— Добрый вечер!
Он поднялся с длинной, выкрашенной в белый цвет скамьи и пошел ей навстречу. Итка медленно расстегивала пальто, глядя ему прямо в лицо. Она заметила, как оживились его глаза.
— Итка, я ведь вас еще не видел без халата. Но вам эта одежда к лицу. Очень к лицу.
— Спасибо, — сказала она тихо, радуясь, что он заметил, как тщательно оделась она для свидания.
Вдруг он протянул к ней обе руки. Долю секунды она колебалась, потом робко взяла их в свои ладони.
— Вам плохо?
— Нет-нет. Вовсе нет. Я рад, что вы здесь.
— Сядем? — предложила она и с неохотой отпустила его сильные горячие пальцы.
— Да, конечно. Хотя… Я надеюсь, мы скоро встретимся в более приятной обстановке, — сказал он и тут же поспешил добавить, что с ней ему хорошо везде.
Итка села напротив за длинный стол. Он нервно подтянул пояс больничного халата. Худые широкие плечи острыми углами выступали из-под ткани. Шрам на лбу покраснел, он прикрыл его, сдвинув ниже прядку волос. На исхудалом лице с выступающими скулами читалось беспокойство.
— Мы хотели о чем-то переговорить, не так ли? — сказал он, чтобы вообще как-то начать разговор.
— Утром у вас был грустный вид, — ответила она и улыбнулась. Она готова была в эту минуту сказать ему, что он ей очень нравится.
— На это есть причины, — вздохнул он. — Вы ведь знаете, что я очень хочу вернуться в полк, снова летать. Но меня ждет обследование в Институте авиационной медицины, а потом… потом специальная комиссия. Скажите: что говорят врачи? Каковы мои шансы?
Итка пожала плечами:
— Здесь ваше лечение закончено. Если бы вы не были летчиком, то уже отправились бы в часть. Не знаю, почему вы так спешите…
— Не терпится снова сесть в самолет, увидеть небо…
— А что с вами произошло, если не секрет?
— Я полетел с высокой температурой. Перед этим я хотел было доложить, что заболел, но меня опередил приказ. А потом, как нарочно, появился туман… Ну а результат вам известен.
— Но за это вас же не могут судить, — возразила Итка. — Вы выполняли приказ..
— Да. Но в таком состоянии я был обязан отказаться от полета. Вместо меня полетел бы другой. А судить меня, разумеется, могут и будут. Вы не знаете ряда других обстоятельств. Так что перед вами погибший человек, — добавил он полушутя-полусерьезно.
— А вы когда-нибудь думали о том, что вам придется делать какую-нибудь другую работу? — Итка не сразу решилась задать этот вопрос.
— Другую работу? — Слезак взглянул на нее, не понимая. — Другую работу? — повторил он.

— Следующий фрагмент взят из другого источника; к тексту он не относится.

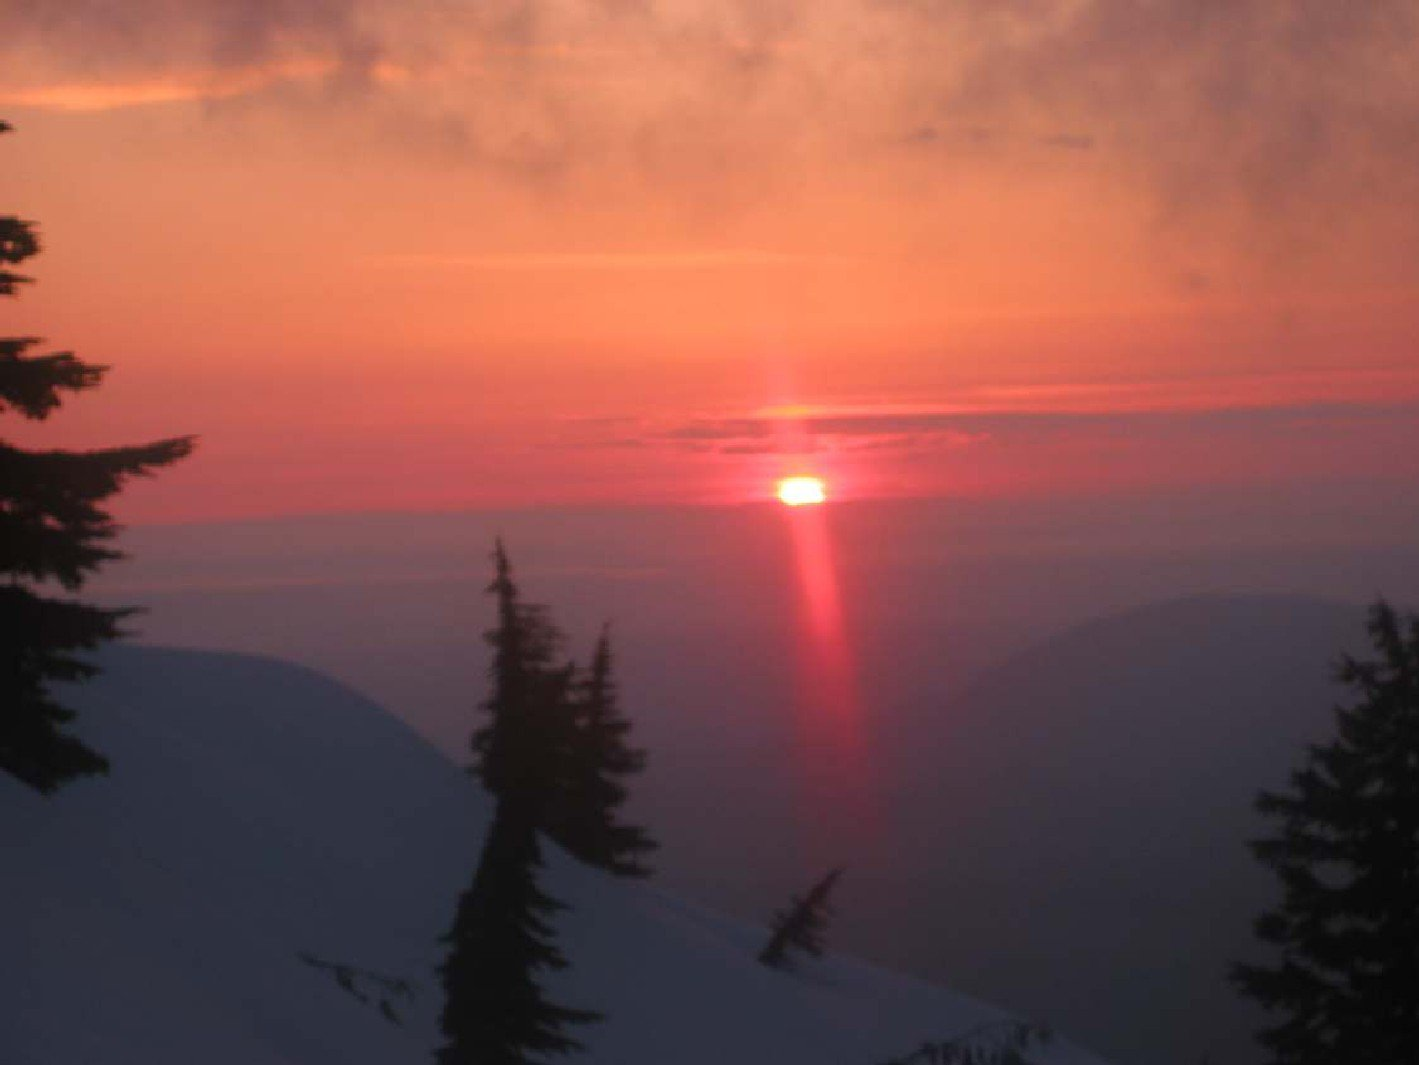 Top of mt. Pilchuck Sunset

— Я имею в виду работу, не связанную с полетами. Вообще не связанную с военной службой.
Он беспомощно пожал плечами:
— Если я не буду летать, я сам уйду из армии. Но для меня это была бы величайшая утрата в жизни.
— А это не иллюзия? — мягко возразила она.
Он отреагировал именно так, как она ожидала: поднятые брови и изумленные глаза, в которых было что-то похожее на гнев.
— Ил-лю-зи-я? — удивленно произнес он. — Почему иллюзия?
— Люди часто думают, что не могут жить без того или другого, но настают трудные времена, и они вдруг понимают, что прекрасно могут без этого обойтись. Они благодарят судьбу, что вообще остались живы, ибо самое главное — жизнь, прежде всего жизнь.
— Мне кажется, вы имеете в виду существование, — заметил он иронически.
— Это само по себе уже много, — не отступала Итка. — Здесь, в госпитале, я часто вижу, что людям приходится смиряться с потерями.
Он покачал головой:
— Постараюсь вам объяснить положение. Я живу не в безвоздушном пространстве. Кто я атакой? Я солдат, нарушивший предписания, дисциплину. Речь идет не только о наказании, но и об ответственности. Перед коллективом, перед друзьями. Перед партийной организацией. Мне этого не простят. И я могу утратить не только право летать, но и ощущение принадлежности к коллективу. Я буду чувствовать себя никому не нужным, изгоем. Поверьте мне. Когда я среди товарищей, когда летаю, то это похоже на то, как я раньше, давным-давно, сидел за роялем.
— Вы играли? — спросила Итка удивленно: она не могла себе представить, что его сильные, крепкие пальцы могли когда-то бегать по клавиатуре.
— Да, лет двенадцать назад. И хотел посвятить жизнь музыке. Все получилось иначе, но я… я просто счастлив.
— Значит, вы ни за что не согласились бы добровольно расстаться с авиацией? — В ее голосе чувствовалась безнадежность.